At this Boise book club, what you drink tastes like what you read

No matter what day it is, The Mode cocktail lounge has a way of making it feel like a Saturday evening, with its dim lighting and parade of well-dressed patrons seated in leather chairs, speaking in low voices. Sixteen of them, members of the Books and Booze book club, sat in a semicircle in a sequestered area of the bar and spoke glowingly of the August/September selection on Tuesday, Sept. 11, but closed their remarks with what became a common refrain: The book simply didn't entertain.

"I thought the book, at first, was beautifully written. I thought it was slow in places. I enjoyed the immigrant experience," said Kit McMaster, a retired English teacher and one of the club's members.

The club was discussing Mohsin Hamid's novel, Exit West. On the second Tuesday of every month, it meets at The Mode to drink cocktails inspired by that month's selection and hash over the book. There are appetizers involved, and at the end of the evening, members pay $25 for a ticket to the next month's event, which includes a copy of the book and two craft cocktails.

Exit West made it onto The New York Times Book Review's 10 Best Books list in 2017. The story of two lovers fleeing a war-torn city somewhere in the Middle East, it dips its toes into magical realism, refugee politics and reactions to displaced people in places like Greece, England and the United States. It checks a lot of boxes and includes beautiful, simple language, lively and heartfelt discussion of timely topics, and plenty of drama.

The club appreciated those aspects, but found the book's pacing jarring and distracting. Members found the magical realism element—doorways that allow people to pass instantly through countries and across continents—unwieldy. When asked by Books and Booze club organizer Paige Thomas who they would recommend Exit West to, several of them said it would be good reading for critics of a generous immigration and refugee policy.

It's always a little nerve-wracking, Thomas said afterward, when the group doesn't particularly like a book, but she added that merely liking a given book isn't the point of the club.

"I really feel the pressure. These people trust me; I hope this is a conversation," she said. "I'm thrilled that we're having a conversation, and I'm always enthusiastic about the 'whys.'"

Books have been a major part of Thomas' life since, well, forever, and she's living the dream holding down jobs as a bookseller for Rediscovered Books and a library assistant at the Boise Public Library's Collister branch. She brings years of experience with books to what she called a "safe conversation about a book where, I hope, the curation is appreciated."
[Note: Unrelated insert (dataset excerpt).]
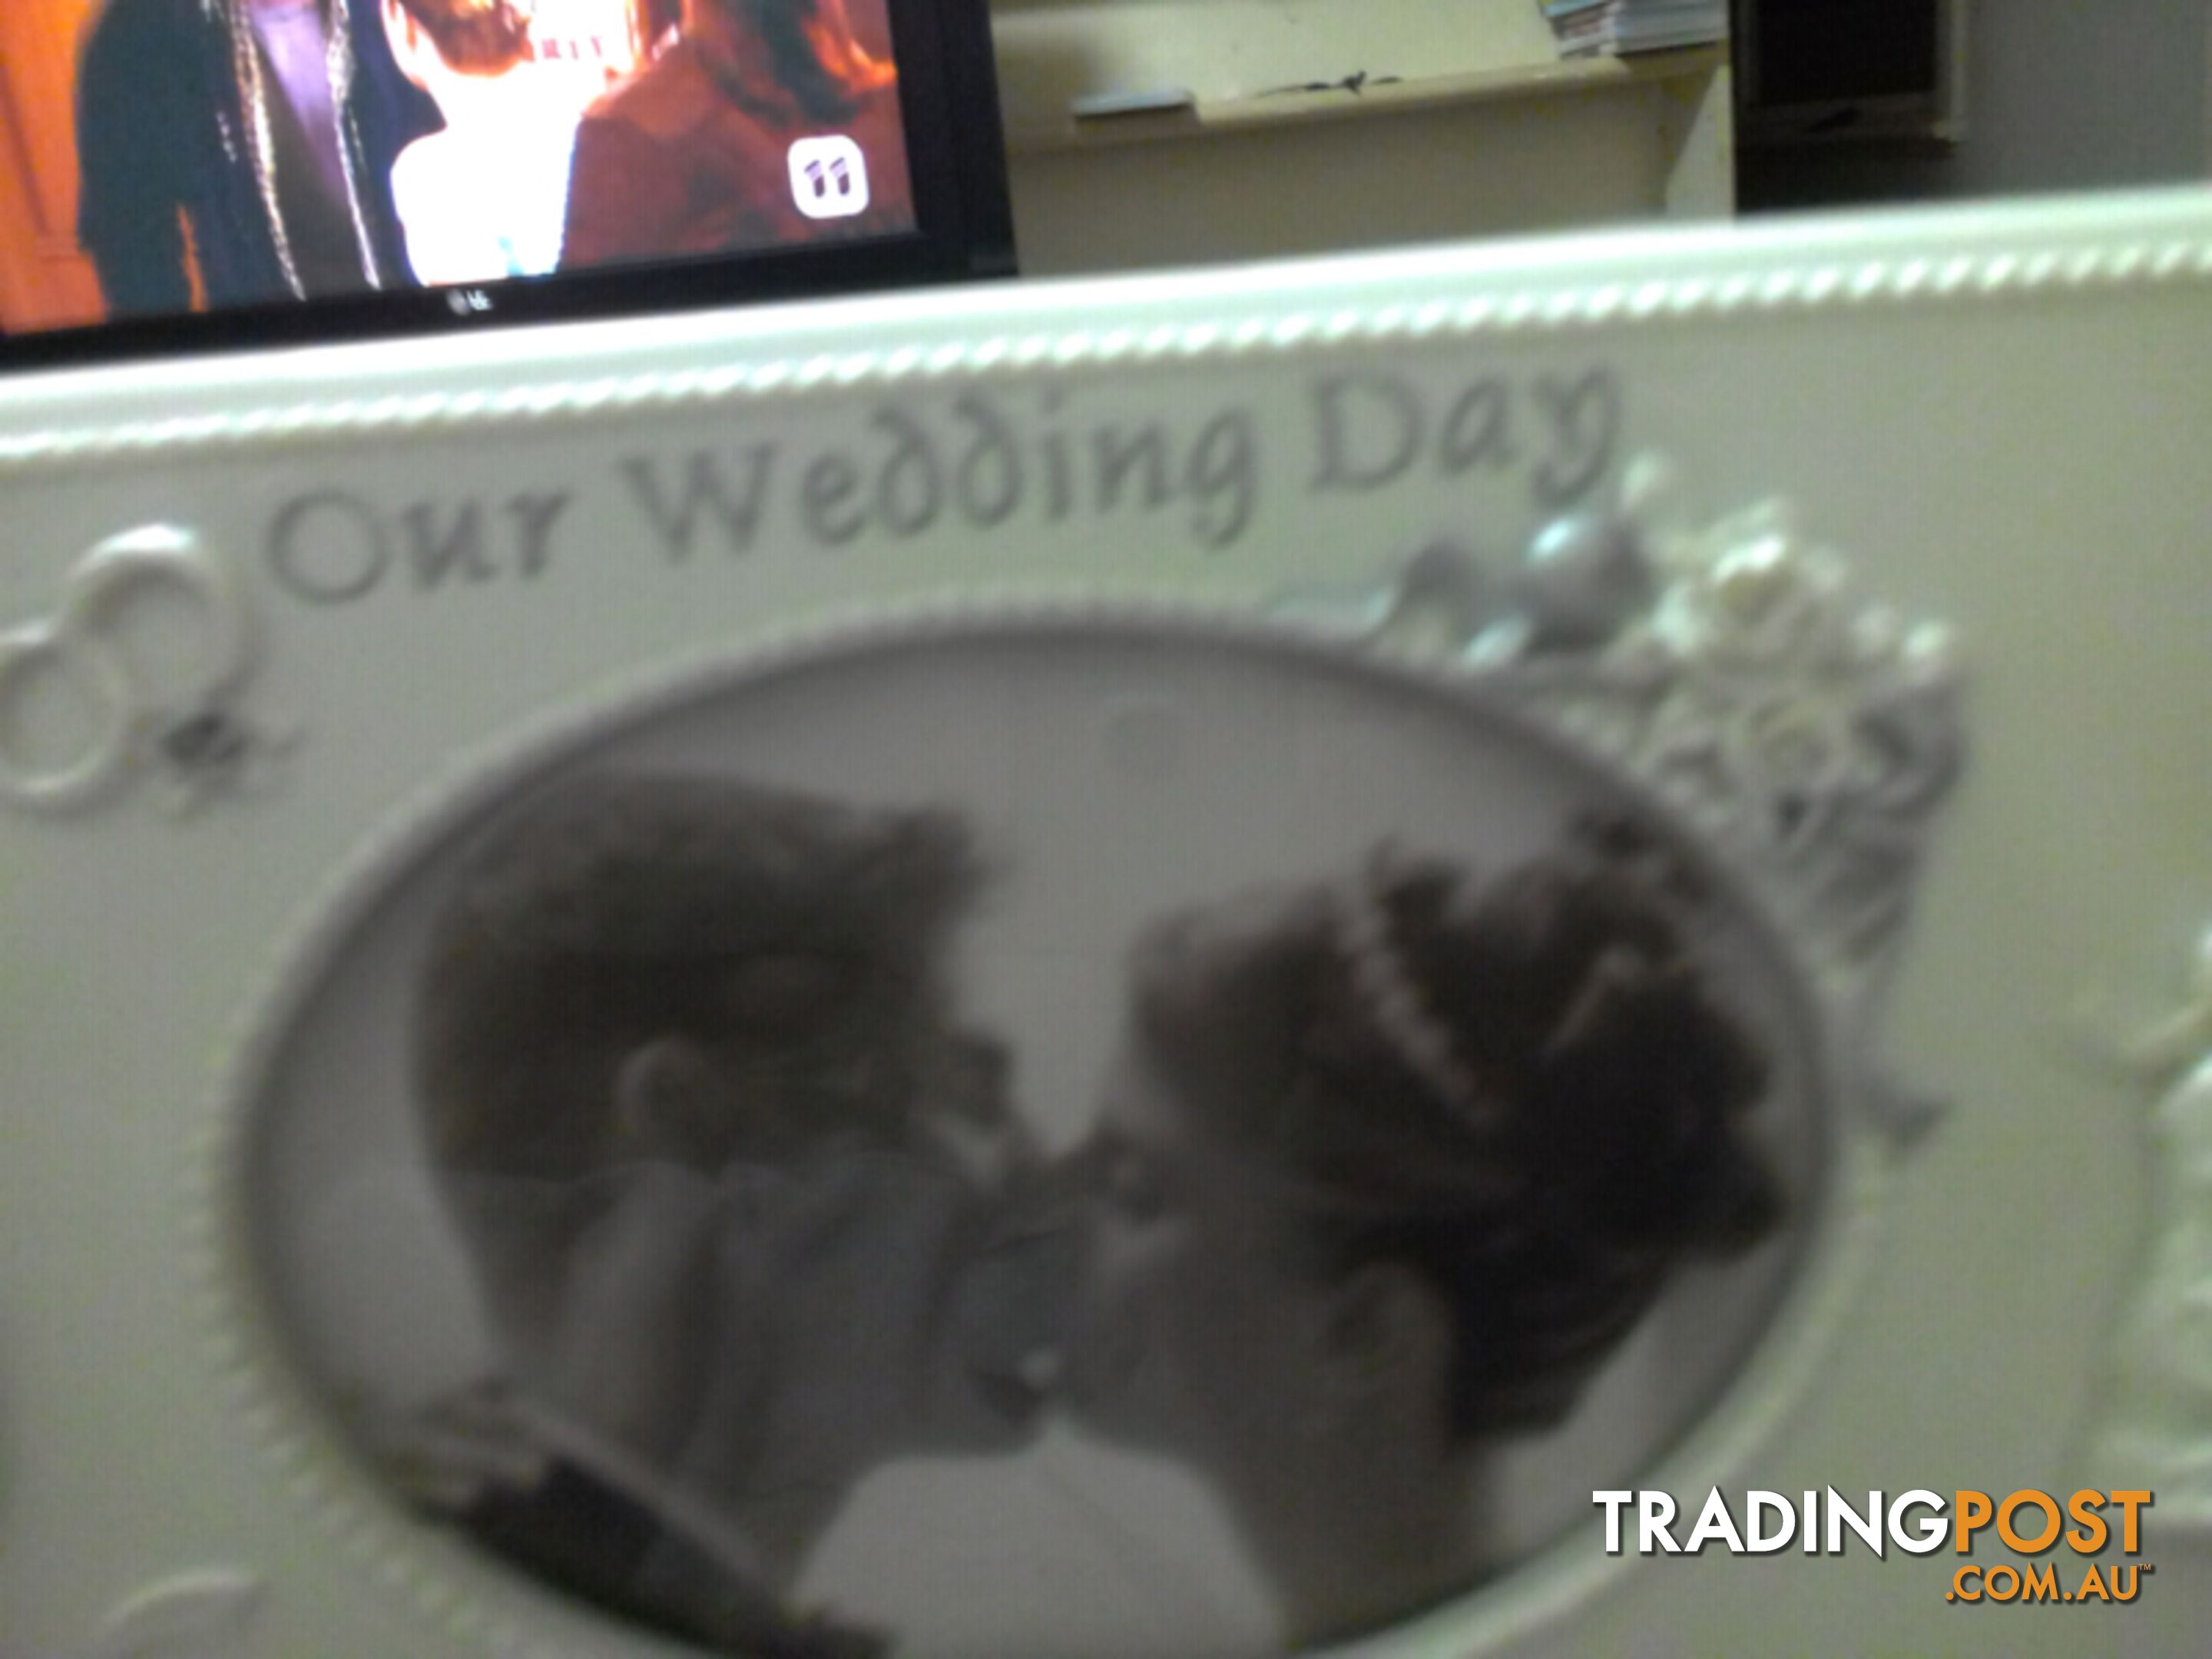 Photo frame WEDDING BESTMAN BRIDESMAID BRIDE & GROOM FRIENDS $35

click to enlarge HARRISON BERRY
  • Harrison Berry

Purchasing a book isn't required to participate—there are plenty of copies of most of the selections at the library, Thomas said—and neither is imbibing, but drinking is in the club's name, and before the conversation on Exit West began, most of the participants had one of two themed cocktails in front of them. By far the most popular was Red Light Lover, a wine-red concoction made principally from mezcal and sloe gin. The other cocktail was the fragrant The Lives We Left Behind, made with black coffee and cherry bitters.

For the book club's first read, Emily Ruskovich's novel Idaho, Mode Manager/Bartender Sara Behunin, who's also a member of Books and Booze, foraged for cocktail ingredients in the woods in keeping with the book's North Idaho setting. Exit West posed a different challenge: Its characters are Muslims, and don't drink alcohol. Behunin said she took a pencil to her copy of the book, underlining passages depicting colors, the things characters ate, any kind of sensual detail that could inspire her behind the bar. Red Light Lover and The Lives We Left Behind had low alcohol by volume, at least compared to other cocktails, and strong fruit notes. Coffee has an extensive history in the Middle East, and sloe gin was a bit of wordplay on Behunin's part, a nod to the long decay of a key relationship in the book.

"Their relationship kind of slowed, which was why I added the sloe gin," she said.

On the docket for October is Roald Dahl's collection of short stories, Skin. Dahl is famous for his children's books, which are marked by their lavishly realized fantasies and dark themes. A bookseller at The Last Bookstore in Los Angeles picked Skin out for Thomas, who said she "fell head over heels" and "figured [Skin] would be good in October to have something a little creepy." Behunin said she was sold.

"I'm always looking forward to the next book," she said. "This next one seems like something I would pick out for myself."